The benchmark design has three parts. First, each original context is represented as alternating text segments and images. The images are removed and replaced with indexed placeholders, while the candidate images are shuffled. Second, the model predicts the bijection between placeholders and candidate images. Exact Match measures whether the whole assignment is correct; Kendall-based Partial Match measures local ordering consistency. Third, the data is filtered in three stages: unit-level uniqueness to avoid duplicate segments, semantic identifiability to remove ambiguous cases, and difficulty calibration so the benchmark can separate model capabilities.
The dataset contains 6,161 instances and 39,963 images, averaging 6.49 images per instance. It spans WikiHow, StoryBird, Cooking, and Science, with easy, medium, and hard splits based on image count. The reported model results show a clear frontier gap: Qwen3.5-397B-A17B is the strongest listed open-source model at 64.81 overall Exact Match and 88.37 Partial, while Gemini-3.1-Pro-Preview-Thinking reaches 71.82 Exact and 90.11 Partial. GPT-5.4-high is also strong at 71.29 Exact and 86.54 Partial. The difficulty split is sobering: even the best models drop sharply on hard cases, where exact assignment requires maintaining the global sequence, not only spotting local visual cues. The appendix also checks unimodal shortcuts: Qwen3-VL-235B drops to 3.10 Exact in text-only and 10.14 in image-only, versus 46.32 in the full interleaved setting.

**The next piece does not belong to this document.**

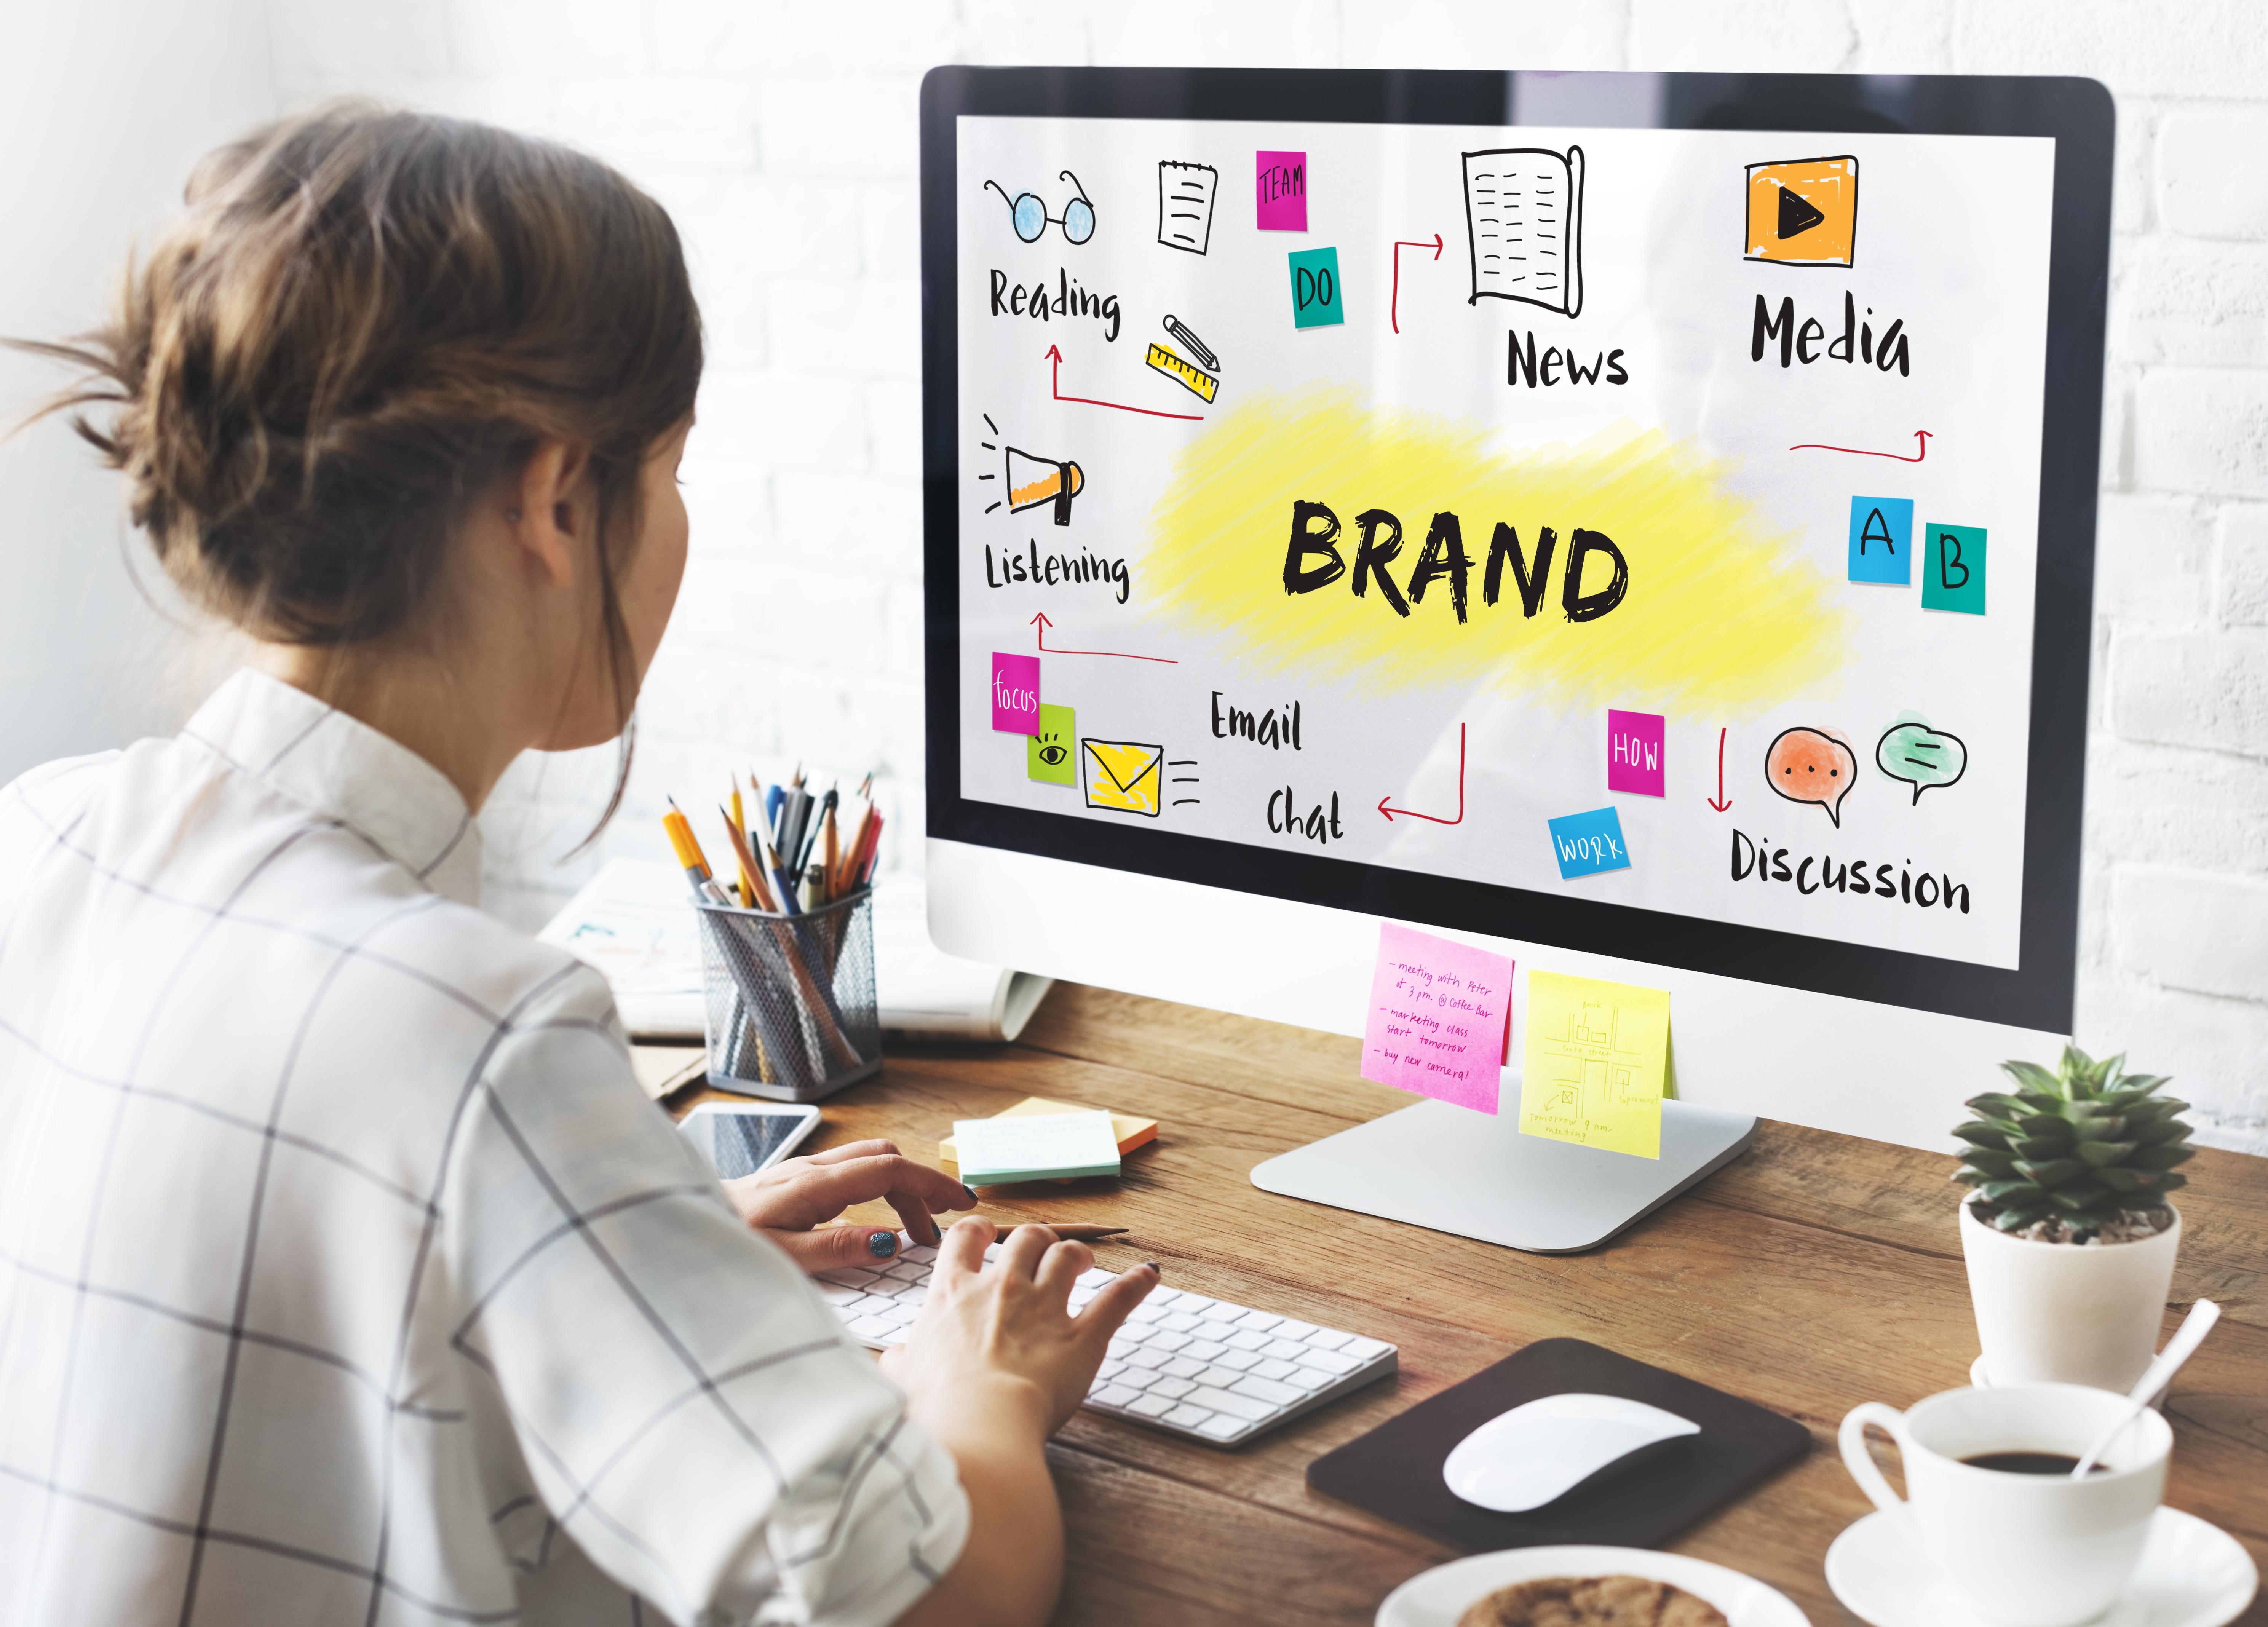 bigstock-Brand-Social-Media-Networking--151963979

My read is that COHERENCE is a good diagnostic benchmark for document agents because it asks for evidence binding rather than fluent explanation. I would not use it as a final measure of document intelligence, since real tasks require extraction, reasoning, citation, layout understanding, and sometimes tool use. But it isolates a failure I care about: the model can read the pieces and still attach them to the wrong places. For auditable multimodal agents, that is exactly the kind of error that should be measured before downstream reasoning begins.
Connection to tracked themes: document intelligence, multimodal grounding, long-context evidence alignment, auditable agent inputs.
Reading Priority and Next Questions
I would read Synthetic Computers and Crab together if the goal is long-horizon agent infrastructure: one creates the workspace, the other makes the workspace recoverable. Exploration Hacking should sit next to any agentic RL paper because it asks whether the training loop itself can be gamed. COHERENCE is the document-intelligence companion: before an agent reasons over a multimodal report, it should prove it can bind text and images correctly.
For the next radar, I want to track three questions. Can synthetic workspaces include enough ordinary mess to avoid overfitting to curated file worlds? Can checkpoint/restore systems handle browsers, remote services, and GUI state as cleanly as Linux sandboxes? And can multimodal document agents expose alignment confidence before they begin multi-step reasoning?